Enriquecimiento sin causa. La adjudicación de la vivienda en el proceso de ejecución hipotecaria por un valor inferior al de la deuda, siempre que cubra los límites legales, no supone un enriquecimiento sin causa del banco ni afecta a la supervivencia del remanente de la deuda no satisfecha.

Sentencia del Tribunal Supremo de 18 de diciembre de 2025 (Dª. RAQUEL BLAZQUEZ MARTIN).

[Ver esta resolución completa en Tirant Prime. https://www.tirantonline.com/tol/documento/show/10842839?index=0&searchtype=substring]

SEGUNDO.- Recurso de casación. Análisis conjunto de los dos motivos. Control de transparencia de la cláusula que contiene la fianza. No concurre una situación de sobregarantía ni hay enriquecimiento sin causa del banco. Desestimación

9.-Por último, aunque el recurso no lo plantea explícitamente (la posibilidad de que el banco se adjudique efectivos inmobiliarios por un importe inferior al de su valor real), debe añadirse que la adjudicación de la vivienda en el proceso de ejecución hipotecaria por un valor inferior al de la deuda, siempre que cubra los límites legales, no supone un enriquecimiento sin causa del banco ni afecta a la supervivencia del remanente de la deuda no satisfecha.

La sentencia 1728/2025, de 26 de noviembre, que reitera la doctrina de la sentencia de pleno 1216/2023, de 7 de septiembre, trata esta cuestión y explica:

«iii)De los arts. 1858 CC, 681.1 LEC y 682.2 LEC se desprende la necesaria constancia de determinados extremos en la escritura de constitución de la hipoteca, como requisito para el ejercicio de la acción por la vía del procedimiento de ejecución hipotecaria, y entre ellos, como esencial, la tasación, esto es el precio en que los interesados tasan el bien hipotecado, para que sirva de tipo en la subasta.

»iv)Una de las especialidades del proceso de ejecución hipotecaria se refiere al valor de adjudicación del bien hipotecado en caso de subasta desierta (art. 671.1 LEC), supuesto en que el acreedor podrá pedir la adjudicación de los bienes por un porcentaje de su valor de tasación (que ha oscilado entre el 50% y el 70% en las diferentes versiones de la norma) o por la cantidad que se le deba por todos los conceptos. [...]

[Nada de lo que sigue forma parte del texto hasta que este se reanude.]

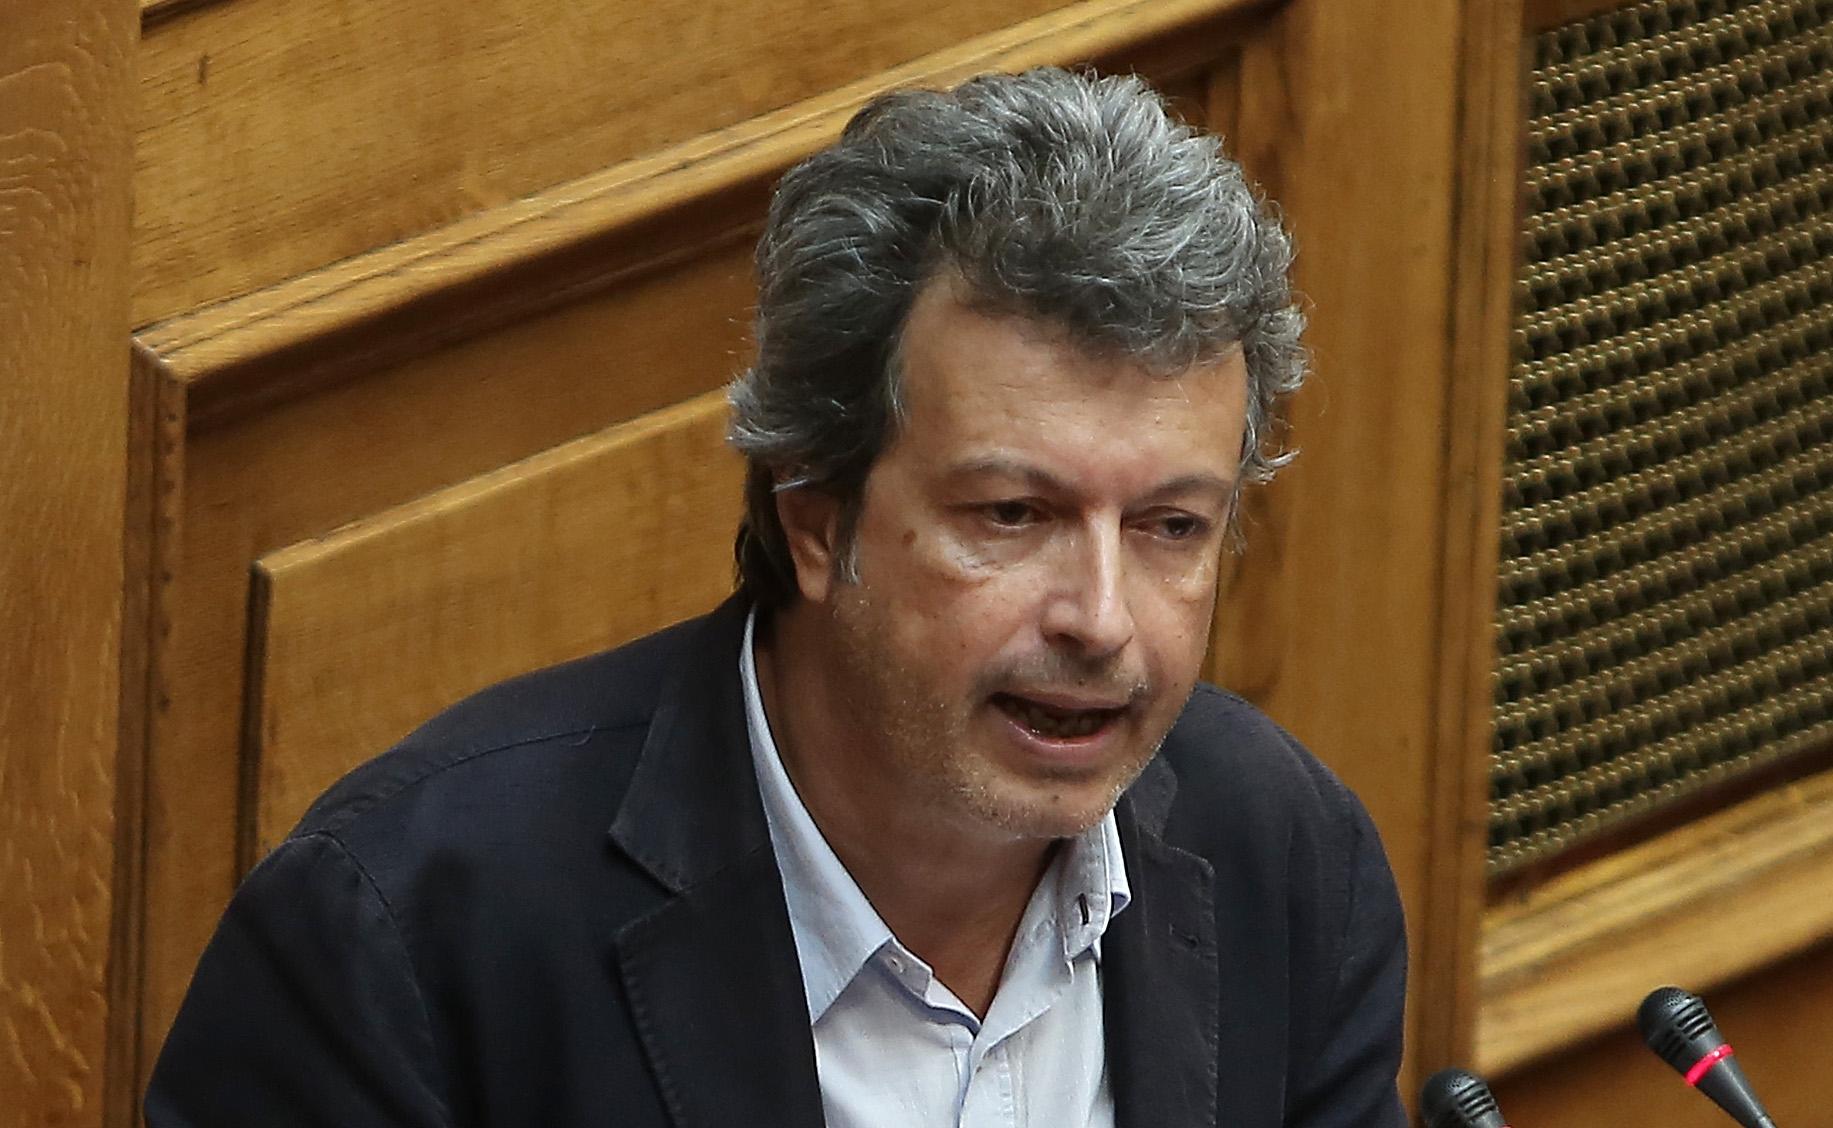 Eξιτήριο πήρε ο Πέτρος Τατσόπουλος

»v)Respecto de la regulación del valor de adjudicación que resulta del art. 671.1 LEC, en un supuesto en que tras la adjudicación de la finca quedaba una deuda remanente para cuyo cobro se inició otro procedimiento ejecutivo contra otros bienes del deudor, conforme al art. 579 LEC, se pronunció la STJUE de 30 de abril de 2014 (asunto C-280/13, Barclays Bank). Una de las cuestiones prejudiciales allí planteada fue la siguiente:

»"Si la directiva [93/13] y los principios de derecho [de la Unión] pro-consumidor y de equilibrio contractual deben interpretarse en el sentido de que existe abuso de derecho y enriquecimiento injusto cuando el acreedor-ejecutante tras adjudicarse el inmueble hipotecado por el 50 % (actualmente 60 %) del valor de tasación solicita el despacho de ejecución por la cantidad pendiente para completar el total de la deuda, pese a que el valor de tasación y/o el valor real del bien adjudicado sea superior al total adeudado y ello pese a que tal actuación esté amparada por el derecho procesal nacional".

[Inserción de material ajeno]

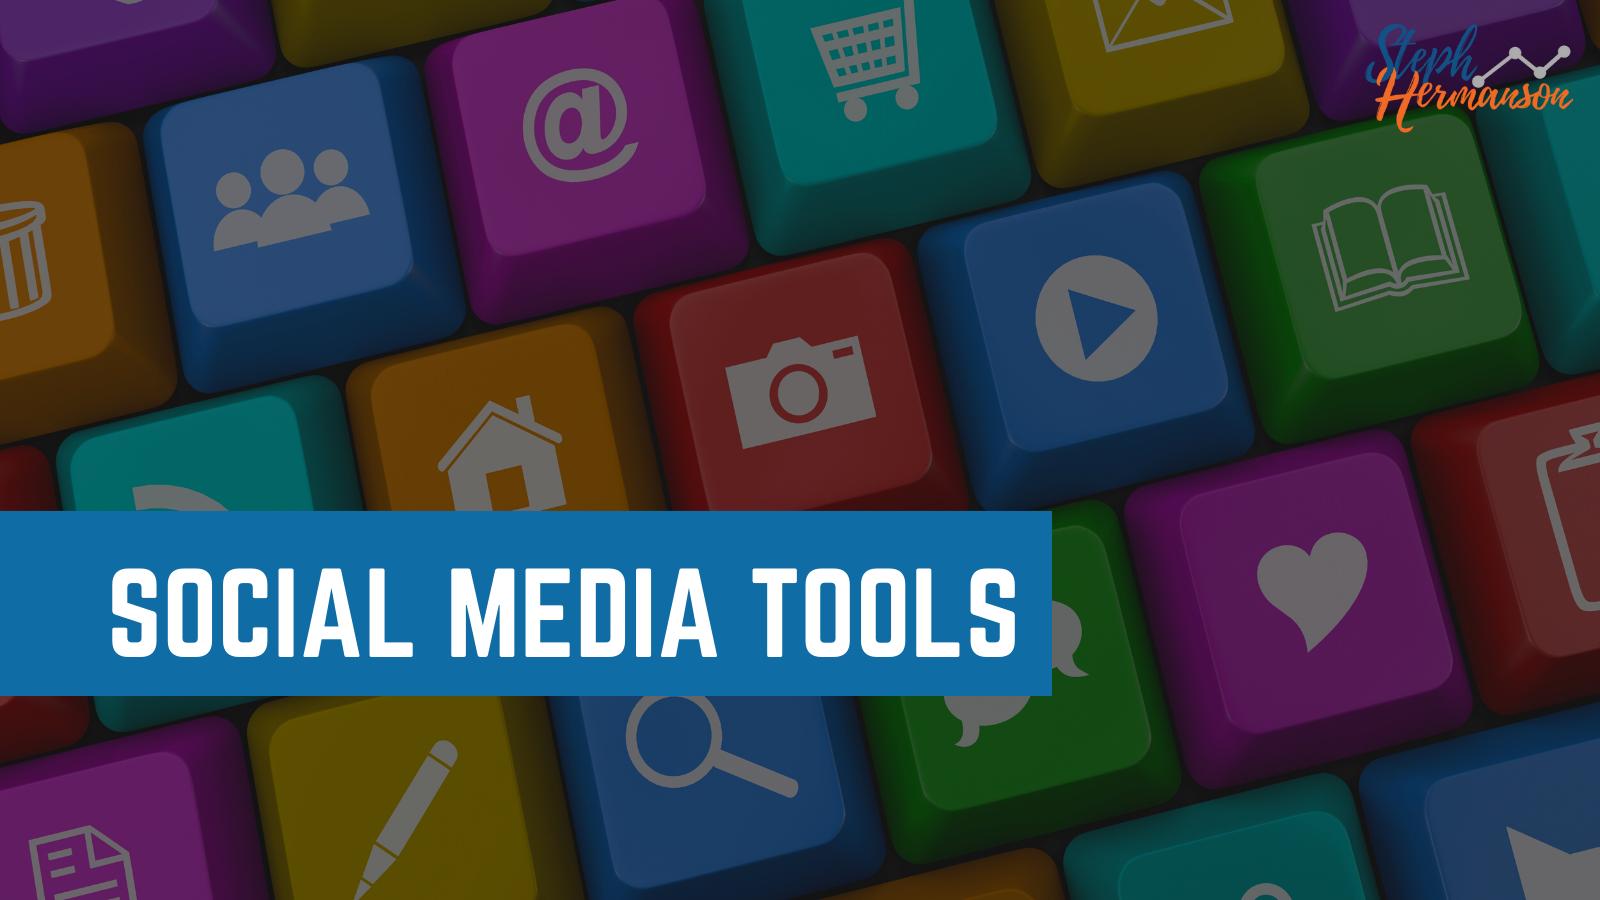 social media tools digital marketing teams 2021 steph hermanson

»El Tribunal de Justicia resolvió la cuestión en el sentido de que las disposiciones legales y reglamentarias de un Estado miembro, como las controvertidas en el litigio (incluido el art. 671 LEC), quedan fuera del ámbito de protección de la Directiva cuando no existe una cláusula contractual que modifique el alcance o ámbito de aplicación de tales disposiciones.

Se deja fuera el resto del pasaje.